Mr. Corzine, a Democrat, said that he felt compelled to sign the order after he and the Democrat-controlled Legislature could not reach agreement on Mr. Corzine’s proposal to help balance the budget by raising the sales tax to 7 percent from 6 percent.

The governor has argued that the sales-tax increase is needed to close a deficit of roughly $4.5 billion in the state’s $31 billion budget. But a group of legislators, led by Assembly Speaker Joseph J. Roberts Jr., opposed the new tax, arguing that the deficit could be filled with spending cuts and the expansion of existing taxes....

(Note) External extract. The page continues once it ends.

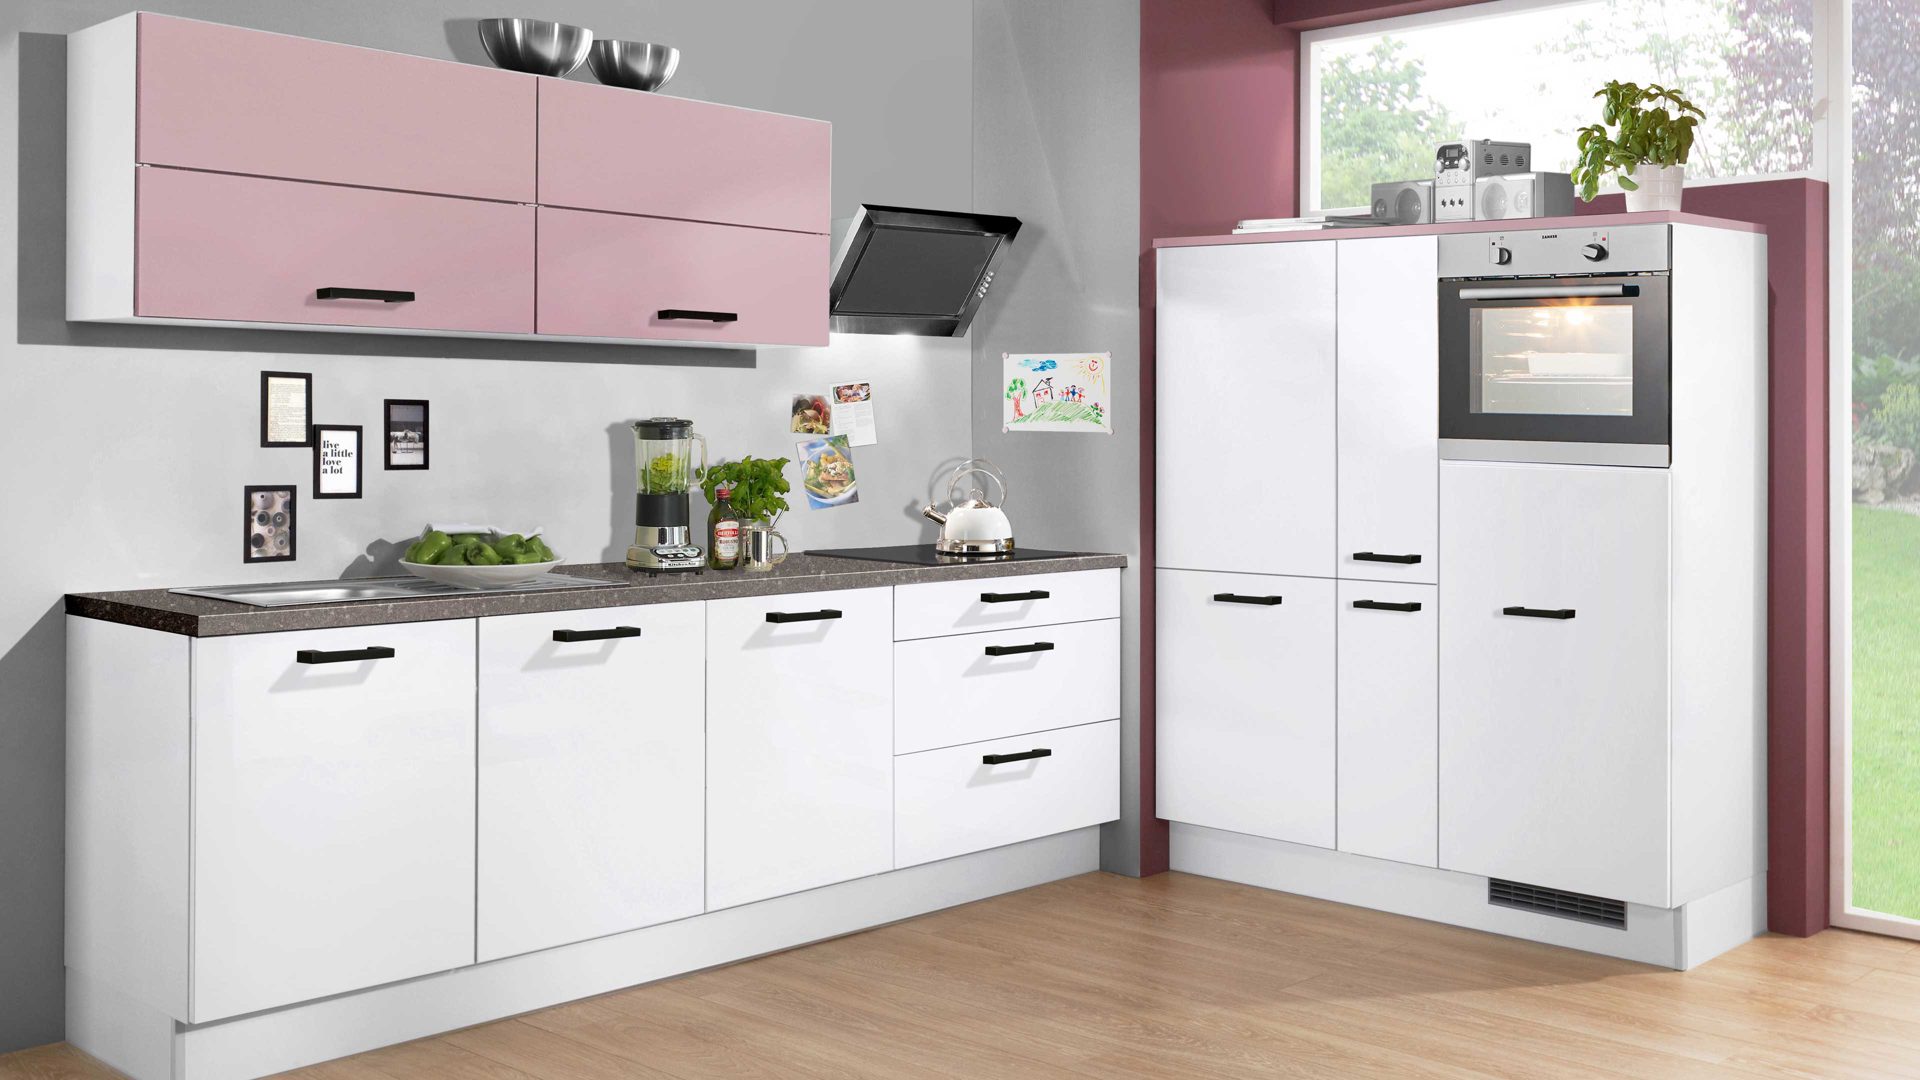 Einbauküche Pino küchen aus Holz in Pink pino Einbauküche inklusive Einbaugeräte Antikrosa & Weiß - zweizeilig

Already Republican lawmakers have begun to seize on the issue. “The Democrats that run the Legislature had 101 days to enact the governor’s proposed budget, modify the budget that was provided to them, or propose one of their own,” said State Senator Robert E. Littell, a Republican from Sussex County, who was referring to the number of days since Mr. Corzine’s budget address on March 21. “Yet they have done neither. Instead, the have subjected the people of New Jersey to a State House version of the Mad Hatter’s Tea Party.”

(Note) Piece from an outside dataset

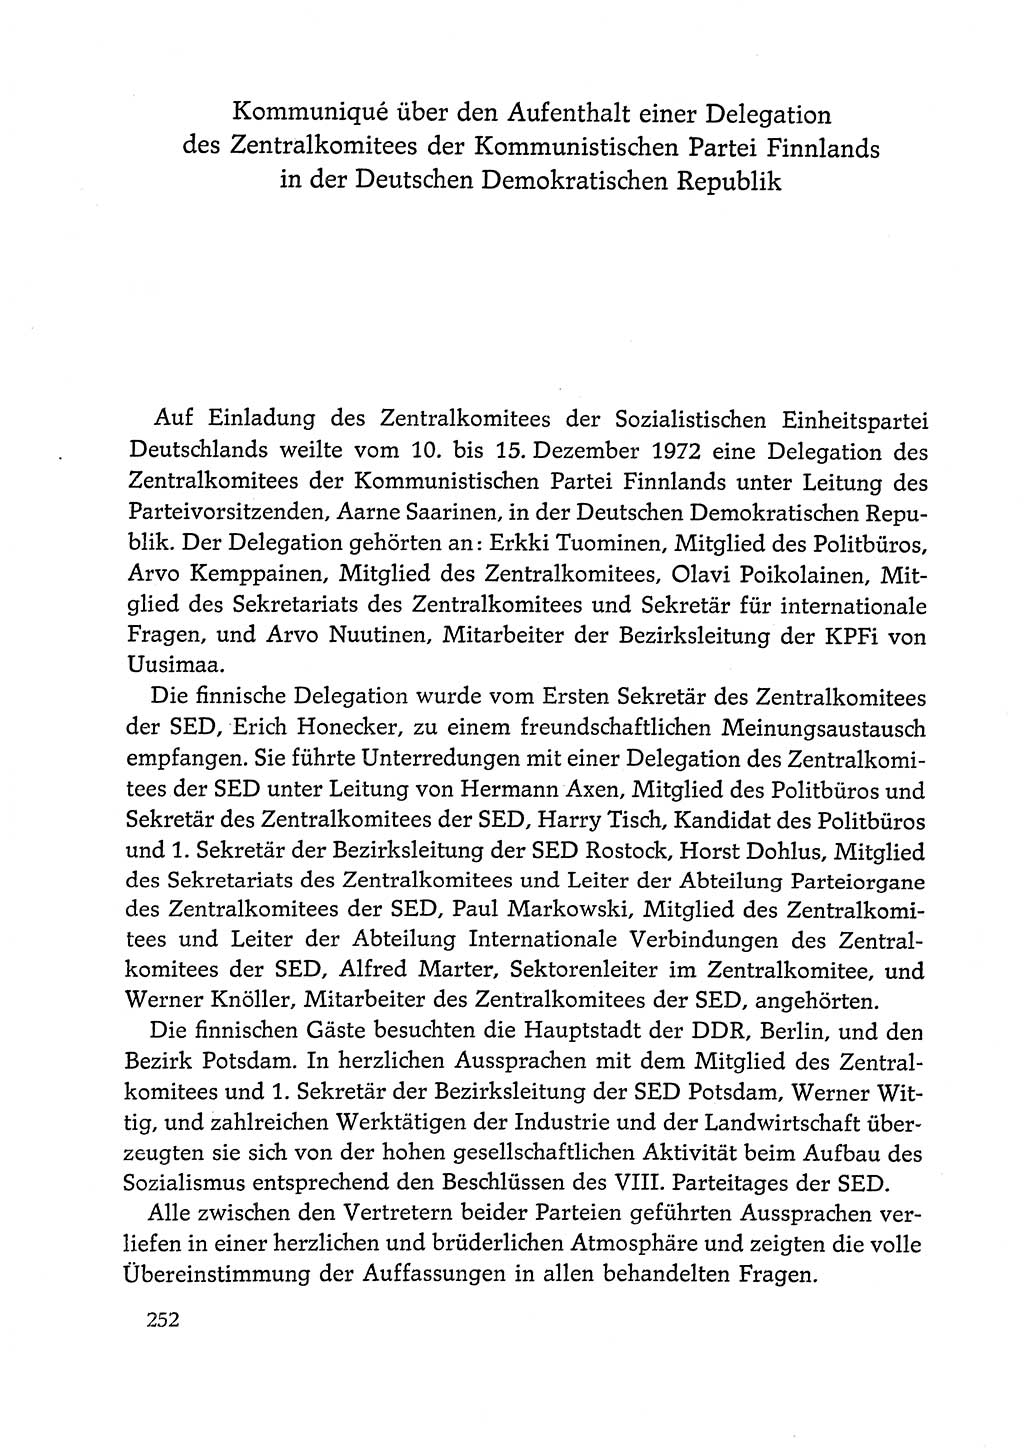 Dokumente der Sozialistischen Einheitspartei Deutschlands (SED) [Deutsche Demokratische Republik (DDR)] 1972-1973, Seite 252 (Dok. SED DDR 1972-1973, S. 252)

On Friday night, about two hours before the deadline, Mr. Roberts appealed to Mr. Corzine to abandon his plan to order the shutdown. He compared the prospect of a shutdown to legislators having “a gun placed to our head.”



Meanwhile, all of the special interests are coming out of the woodwork:


The New Jersey Thoroughbred Horsemen's Association is seeking a court order overturning Governor Jon Corzine's shuttering of the state's racing industry as part of a total shutdown of non-essential state government....

Racing and simulcasting in New Jersey is scheduled to cease at 6 p.m. Saturday as the result of Corzine's unprecedented executive order earlier on Saturday to shut down the government....

The New Jersey Casino Association has gained a hearing with the New Jersey Supreme Court on Sunday at 4 p.m. to keep the state's 12 casinos in business.